Georgios' interests focus on representations of high-dimensional data — how structure, symmetry, and uncertainty can be characterised simultaneously in ways that are both mathematically principled and empirically effective. He is interested in settings where the geometry of the data is known or partially known, and where encoding it explicitly, rather than learning it from scratch, leads to representations that are more interpretable, more stable, and more faithful to the variability present in the data. A recurring question in this work is how far one can go by designing representations from first principles — encoding what is known about the world into the structure of the model itself — and what remains that must be learned from data. He believes this question is central to the future of machine learning, both as a scientific discipline and as an engineering practice.

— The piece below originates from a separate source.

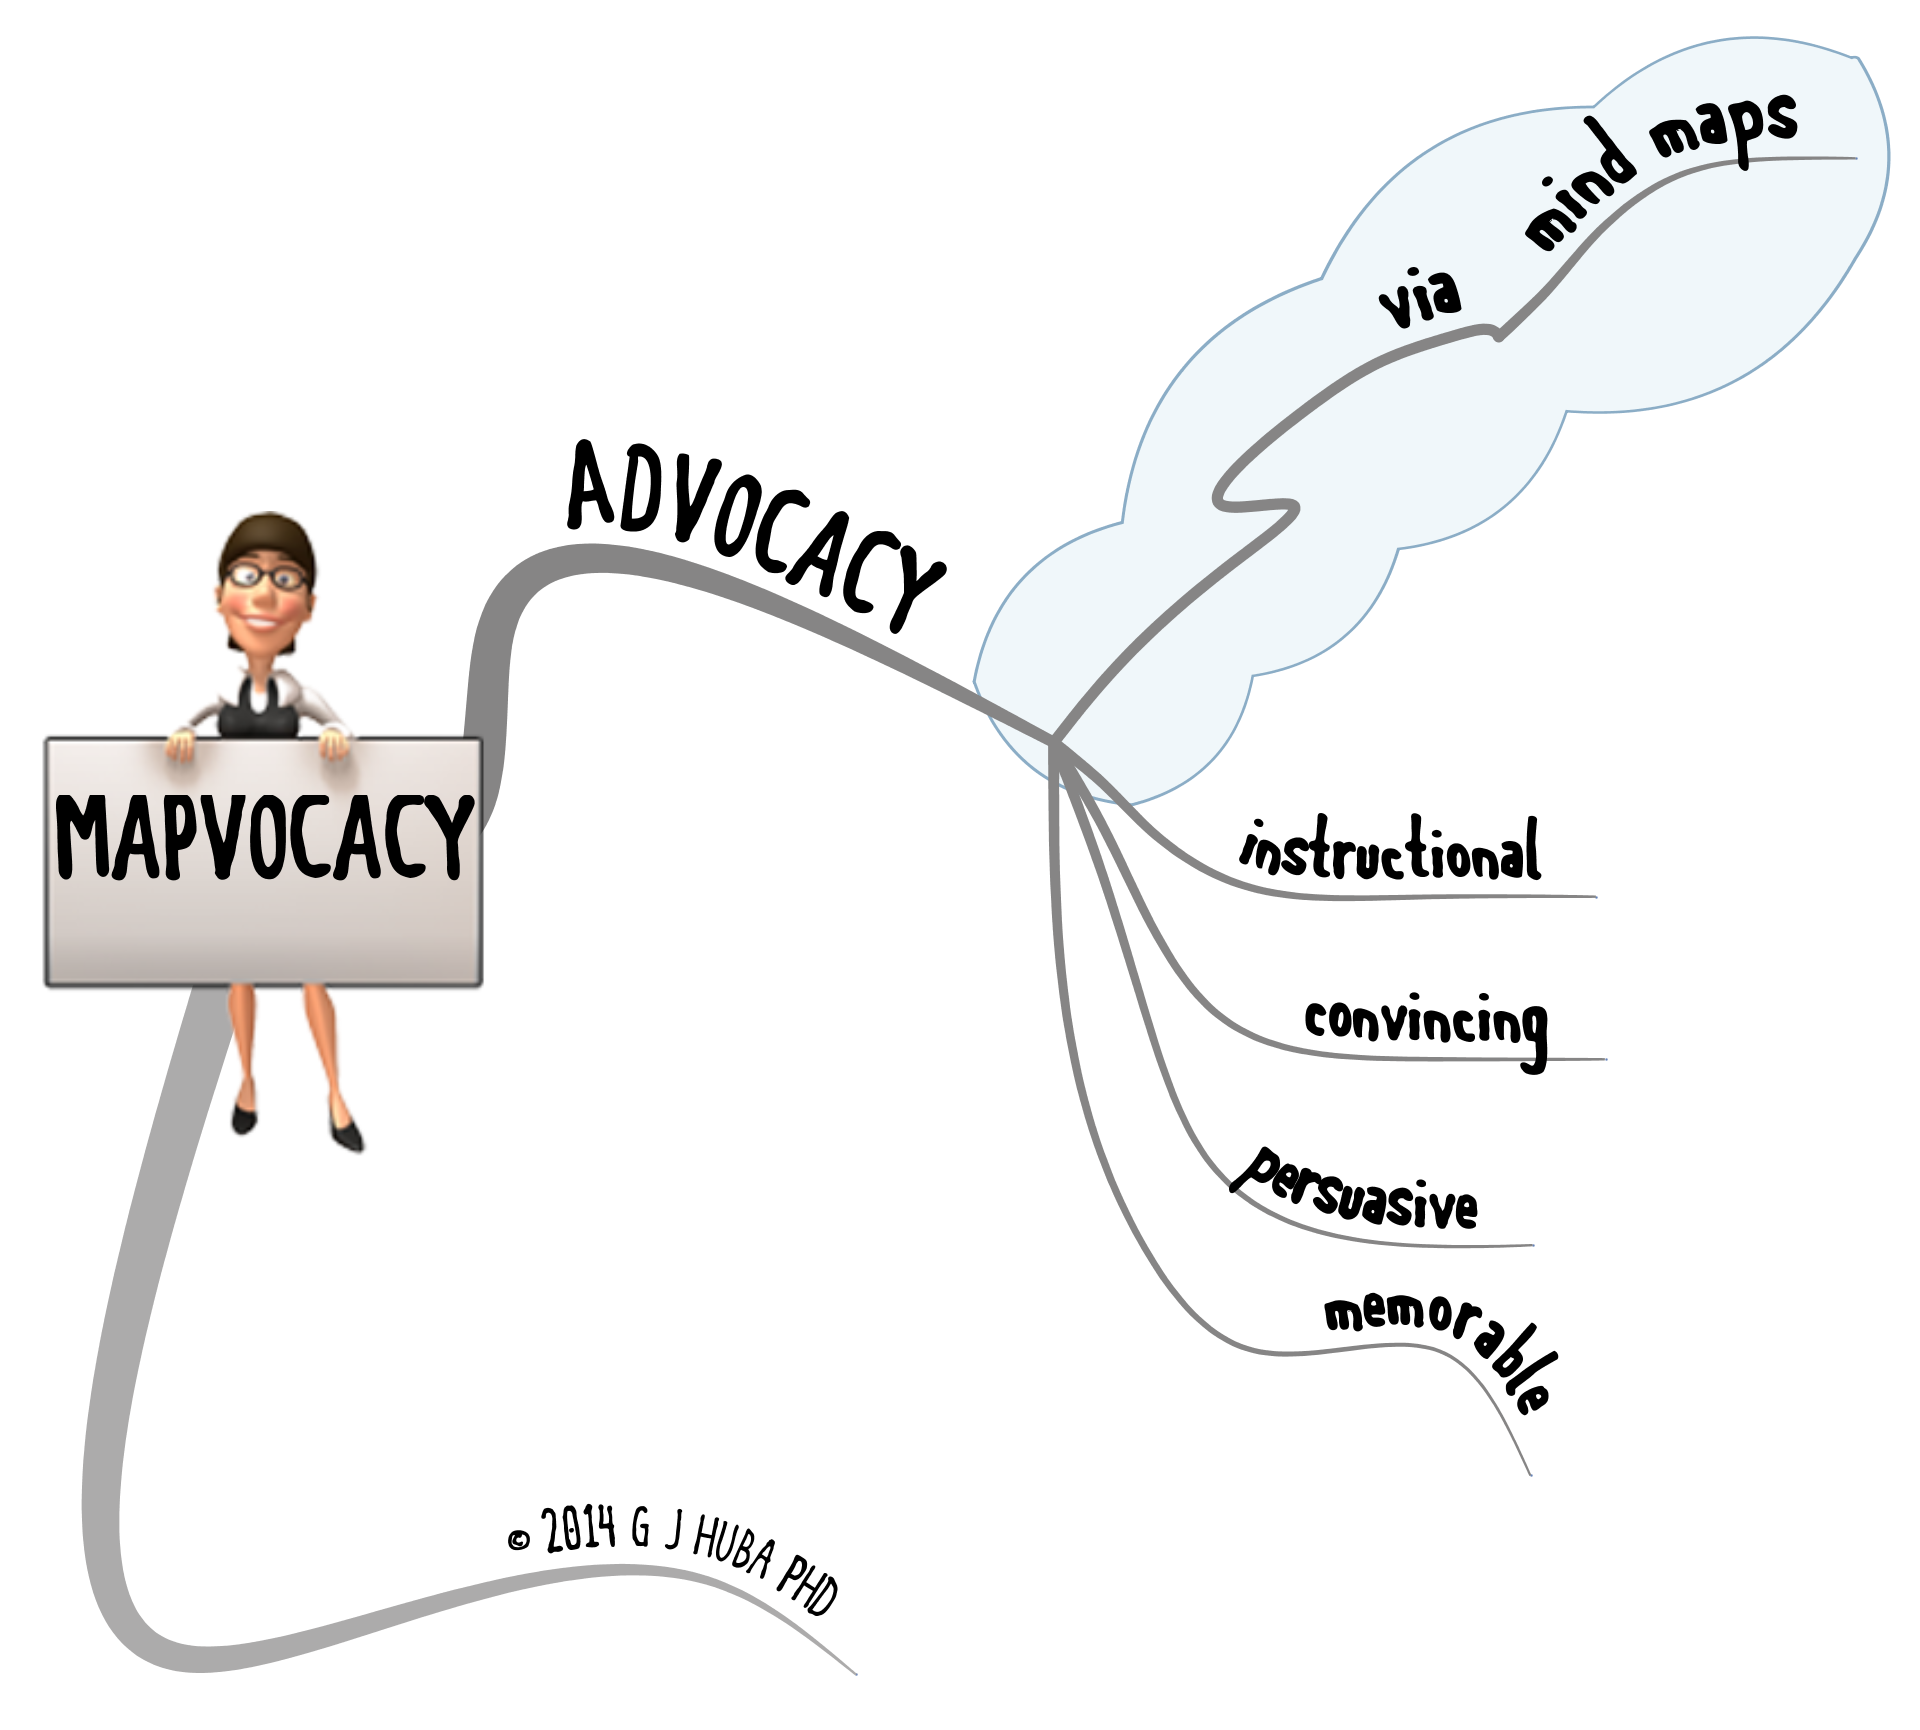 mapvocacy

These ideas find application across astronomy, quantum chemistry, medical imaging, and signal processing.

He is a Lecturer in the Department of Computer Science at the University of Bath, a member of the Artificial Intelligence and Machine Learning group, and a founding member of the Centre for Artificial Intelligence of the Faculty of Science. Before Bath, he held a senior researcher position at IHU Strasbourg and a postdoctoral fellowship at Institut de la Vision in Paris.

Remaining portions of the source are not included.